# New Bow Shop in Groblersdal



## superga (Apr 3, 2009)

Congratulations Nicholas & Hannes Roux on the opening of Groblersdal's first bowshop. All the best guys.


----------



## Deserthuntr (Nov 23, 2008)

*Bowshop in Groblersdal*



superga said:


> Congratulations Nicholas & Hannes Roux on the opening of Groblersdal's first bowshop. All the best guys.


Hi. Can you please give us some more info?


----------



## iHunt.co.za (May 18, 2010)

*Bow Shop*

Yes Please give us some info.
do you have a website?


----------



## Bushkey (Mar 17, 2006)

Congratulations guys. Opening specials 2010 bows at 2006 prices ? :angel:


----------



## superga (Apr 3, 2009)

*Excellent Shop*

State of the art shop. Fully stocked with the latest goodies. Retail to the public as well as wholesale to the trade. Contact Hannes at 083 251 8137 & Nicholas 082 561 1256.


----------



## Bushkey (Mar 17, 2006)

Are you going to specialize in a line of Bows or will you be selling what ever you can lie your hands on.


----------



## superga (Apr 3, 2009)

Not my store.
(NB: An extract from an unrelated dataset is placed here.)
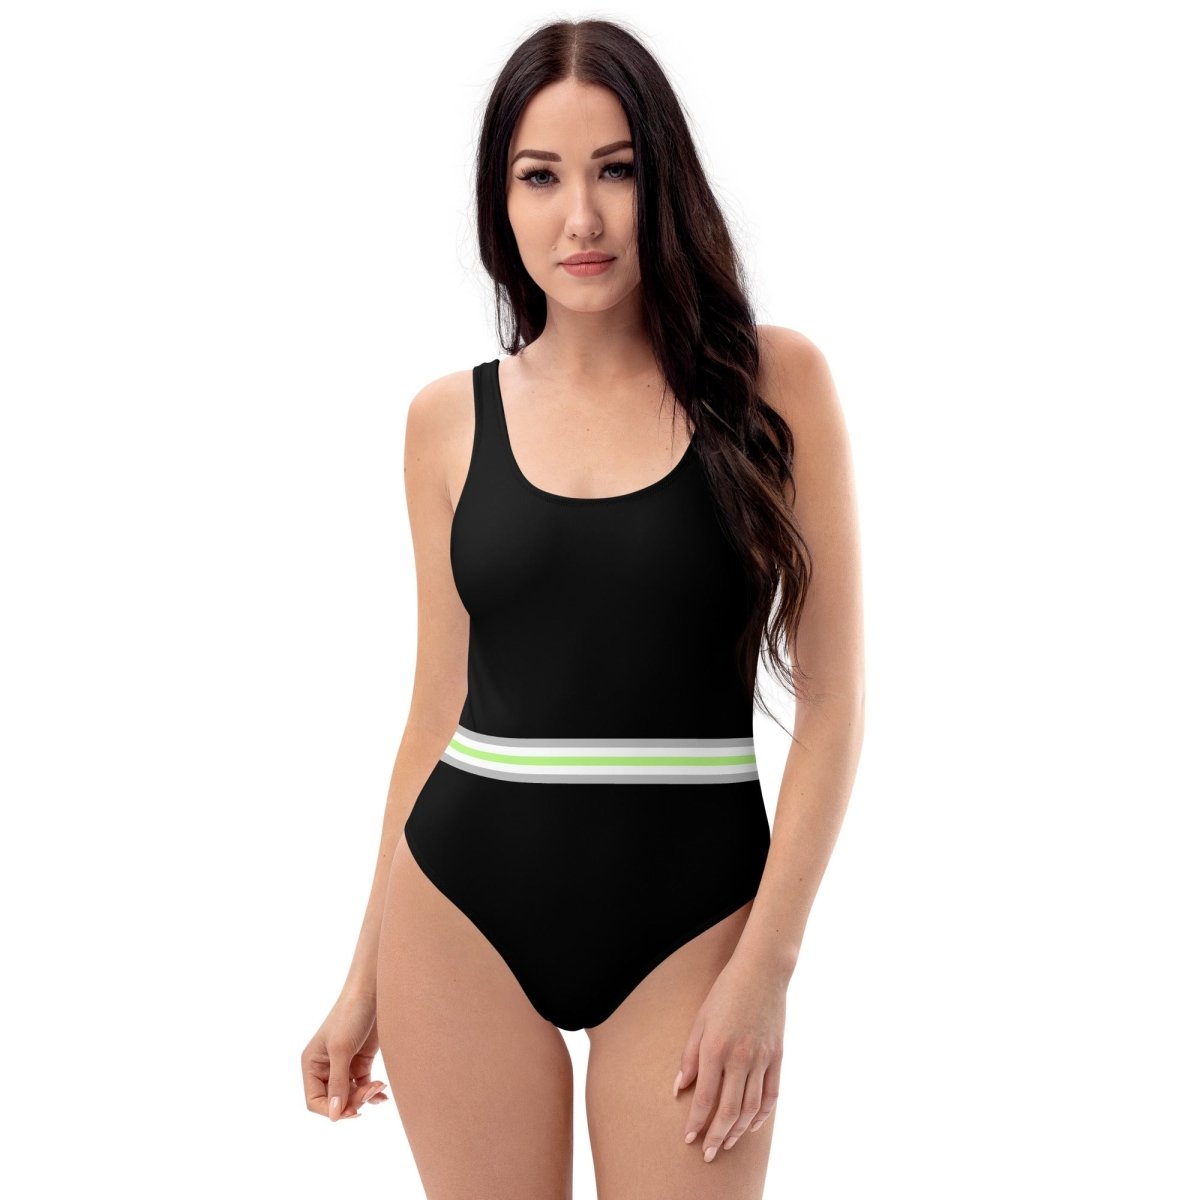 Agender Stripe One-Piece Swimsuit - On Trend Shirts

Contact the two gentlemen referred to above.


----------



## Hannes (Jun 8, 2007)

The web would be running from end of june if all goes well. We'll be selling what's already available and we are looking at Limbsaver and Athens bows aswell. Lots of other stock avaiable. Contact me on 0832518137 Hannes.


----------



## Philip Moolman (Jan 31, 2006)

*Nuwe boogwinkel*

Hannes,
Sterkte vir julle ouens!!
Groete
Philip Moolman


----------



## Karoojager (Dec 20, 2005)

Hello Hannes,

I wish you lot of success with you business.
Please give my best regards to Marcie Rhoton, she is a fantastic partner by LimbSaver.
The quality of this bows speak for them selfe.

Groete

Frank


----------